ACTIVITY:
Images should be left out, and everything else in the listing reproduced exactly.

EXERCISE DATA:
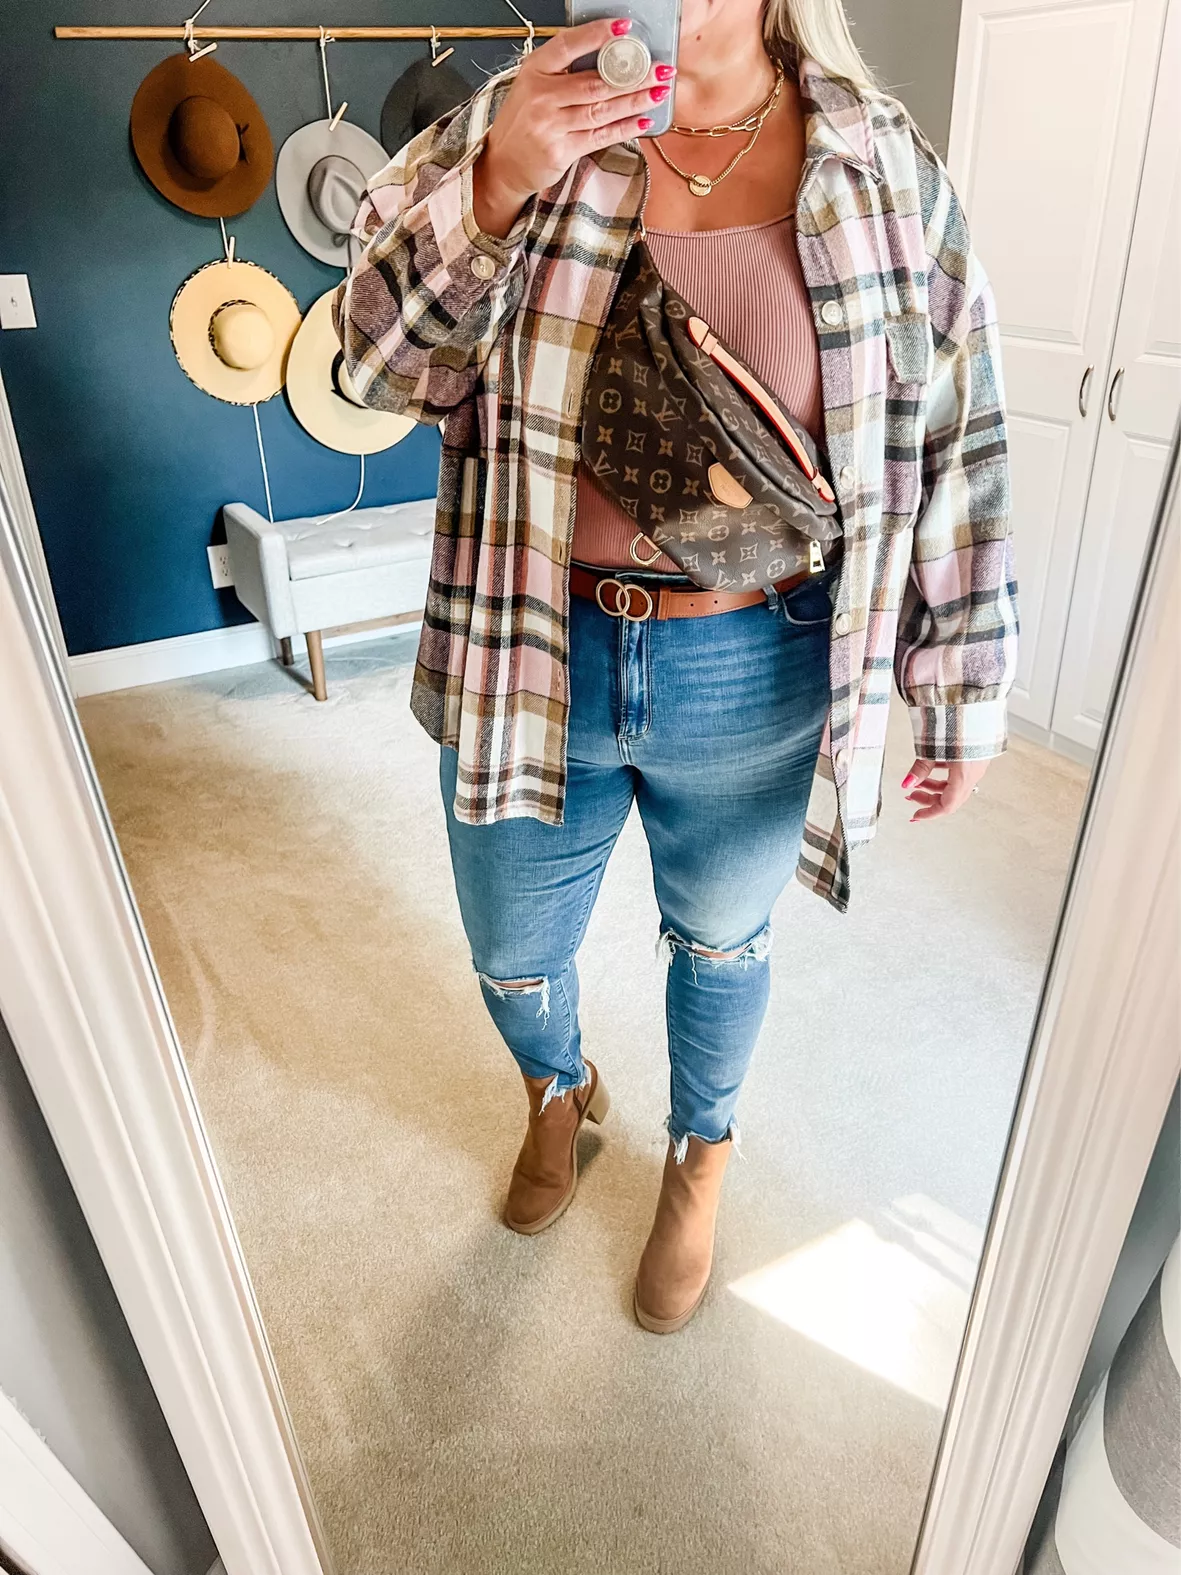 Stylish Fall Outfit with Louis Vuitton Bumbag, Jeans, and Ankle Boots
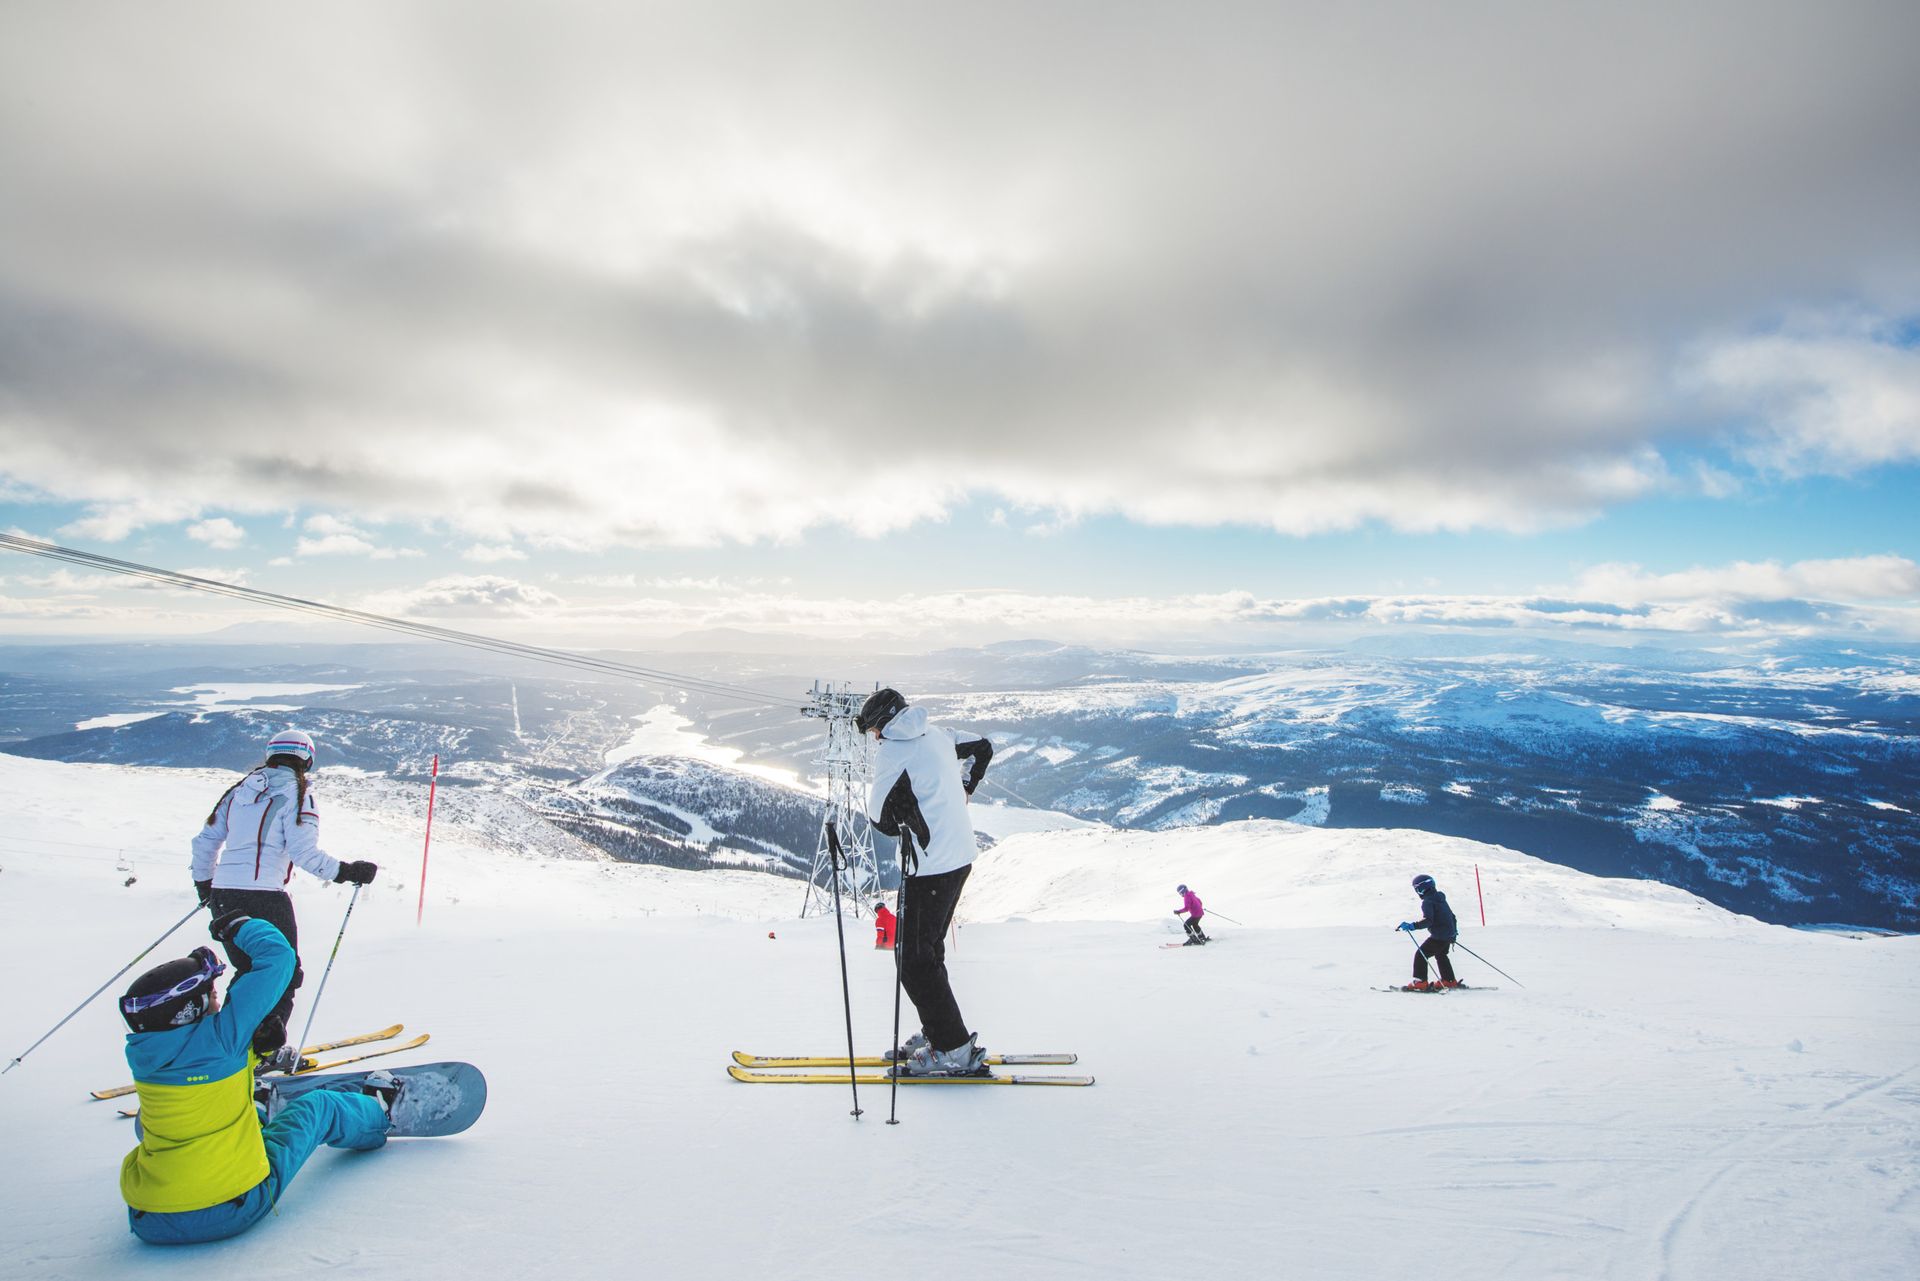 Skiers and snowboarders on a snowy mountain slope with a panoramic view of Åre.
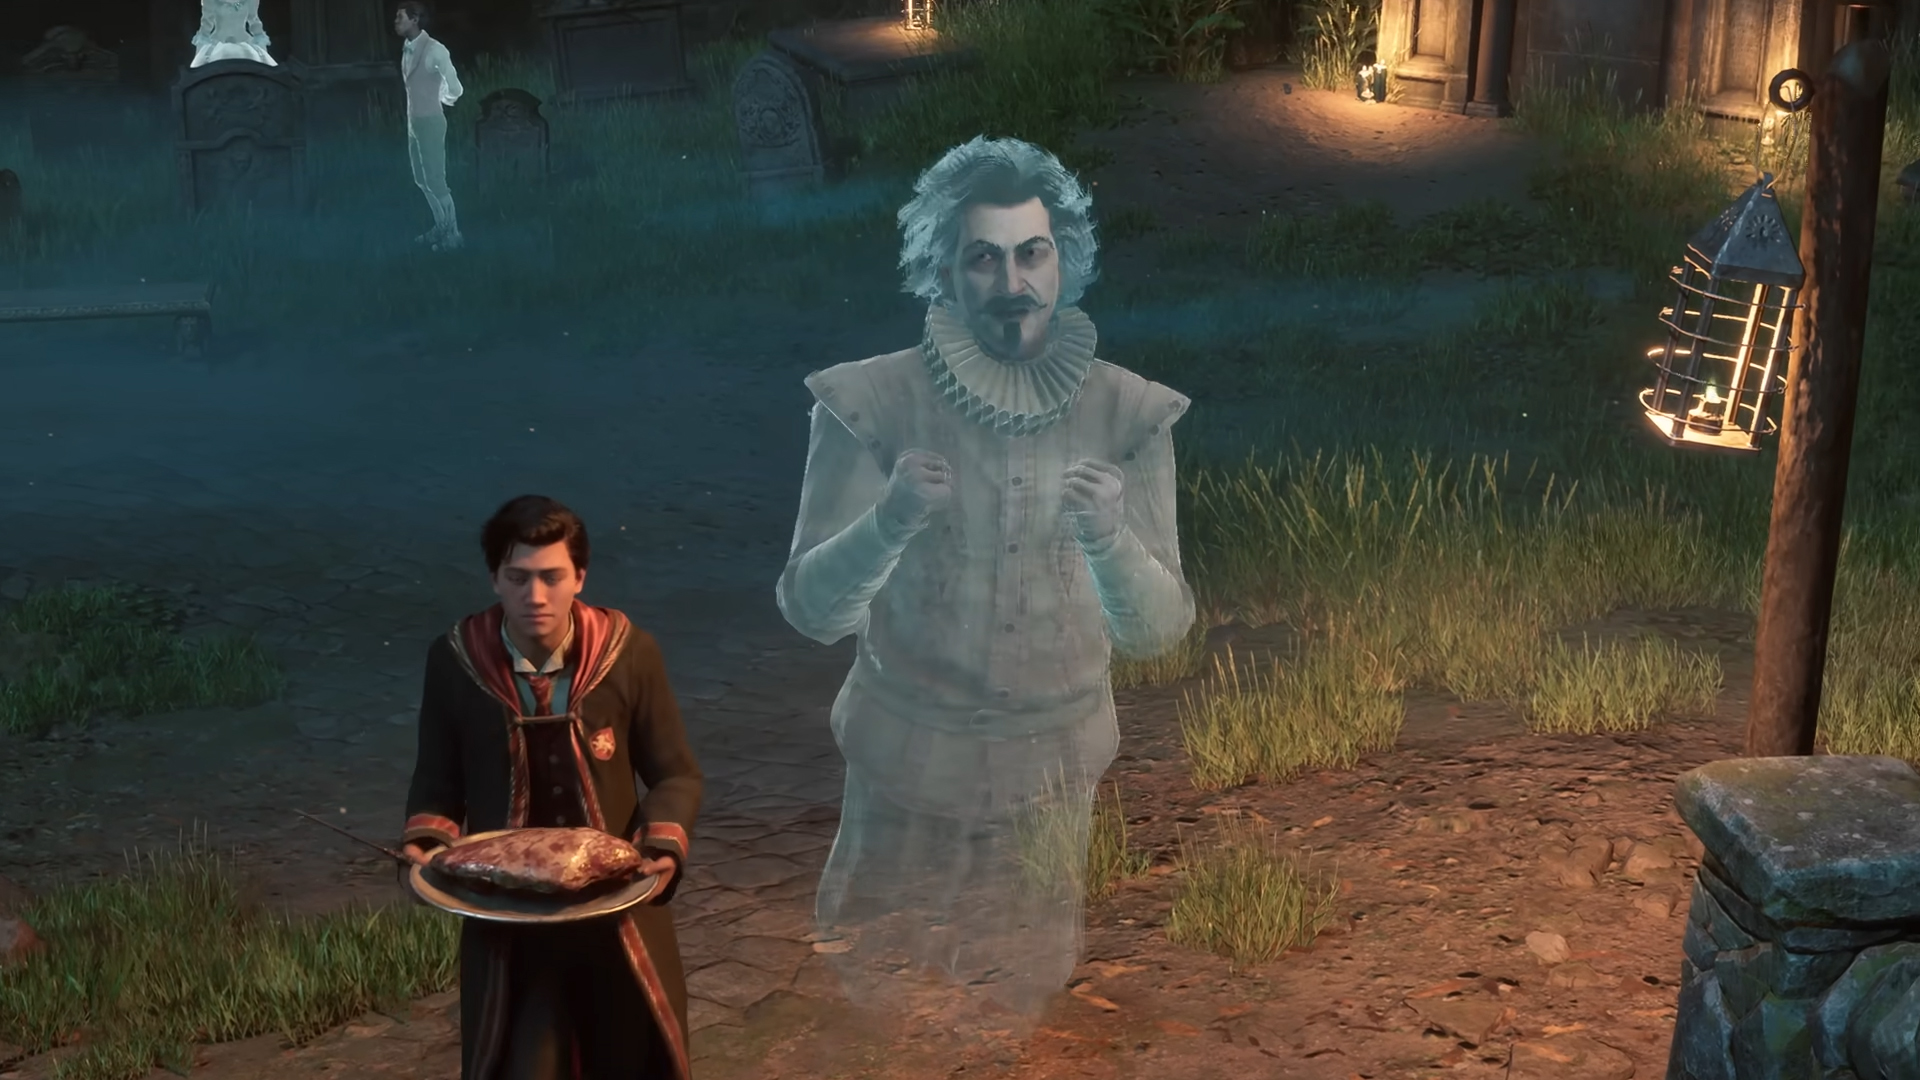 Everything you need to know before playing Hogwarts Legacy

SOLUTION FOR THIS PROBLEM:
 Stylish Fall Outfit with Louis Vuitton Bumbag, Jeans, and Ankle Boots
 Skiers and snowboarders on a snowy mountain slope with a panoramic view of Åre.
 Everything you need to know before playing Hogwarts Legacy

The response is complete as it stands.